Typically, our quarterly review focuses on the folly of investing based on headlines. Shocks, pandemics, geopolitical upheaval, elections, and the perceived fallout based on these events rarely follow a preconceived formula. One does not have to look too far back in our history to see how predictions have missed the mark (the last election, initial Brexit news, a U.S. downgrade in 2011). With that being said, it’s often hard to avoid the daily headlines, especially in a year like 2020.
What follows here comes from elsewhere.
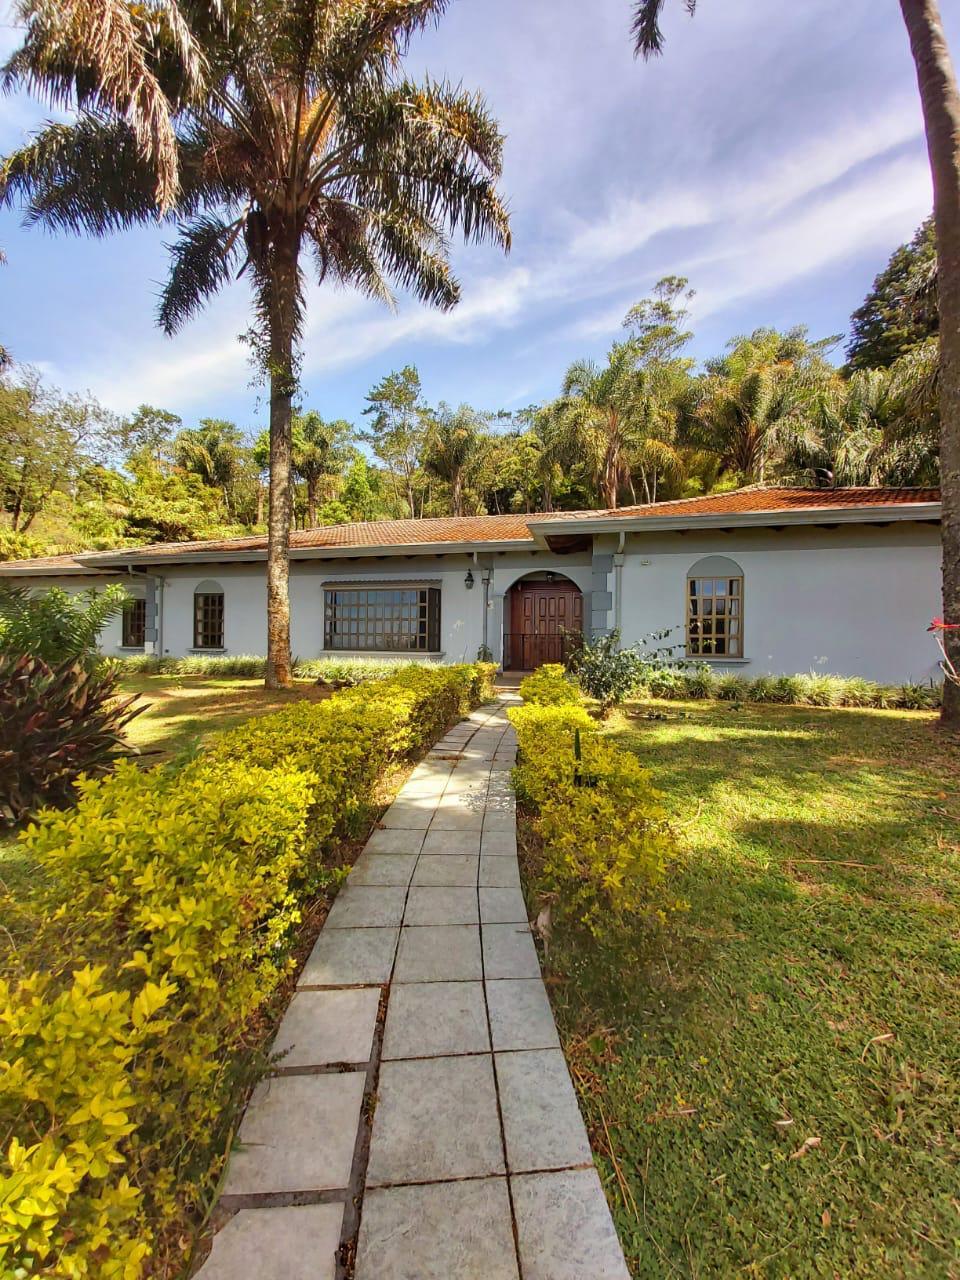 Venta de Casa en San Isidro de Grecia, Alajuela

During the third quarter of 2020, financial markets continued to rebound from the coronavirus selloff induced in February and March. Most major economies, including the U.S., entered the early cycle phase of recovery, but uneven progress indicates that momentum may remain dependent on the path of COVID-19 and further policy support. This uncertainty indicates potential market volatility as we head towards the end of the year.
The third quarter of 2020 began with investor optimism and continued stock market strength. With the global business cycle in a recovery phase, many capital markets saw positive returns in July and August despite continued pandemic uncertainty. By the end of the quarter, the looming election and uneasiness surrounding the implications of potential stimulus and tax implications induced some market volatility.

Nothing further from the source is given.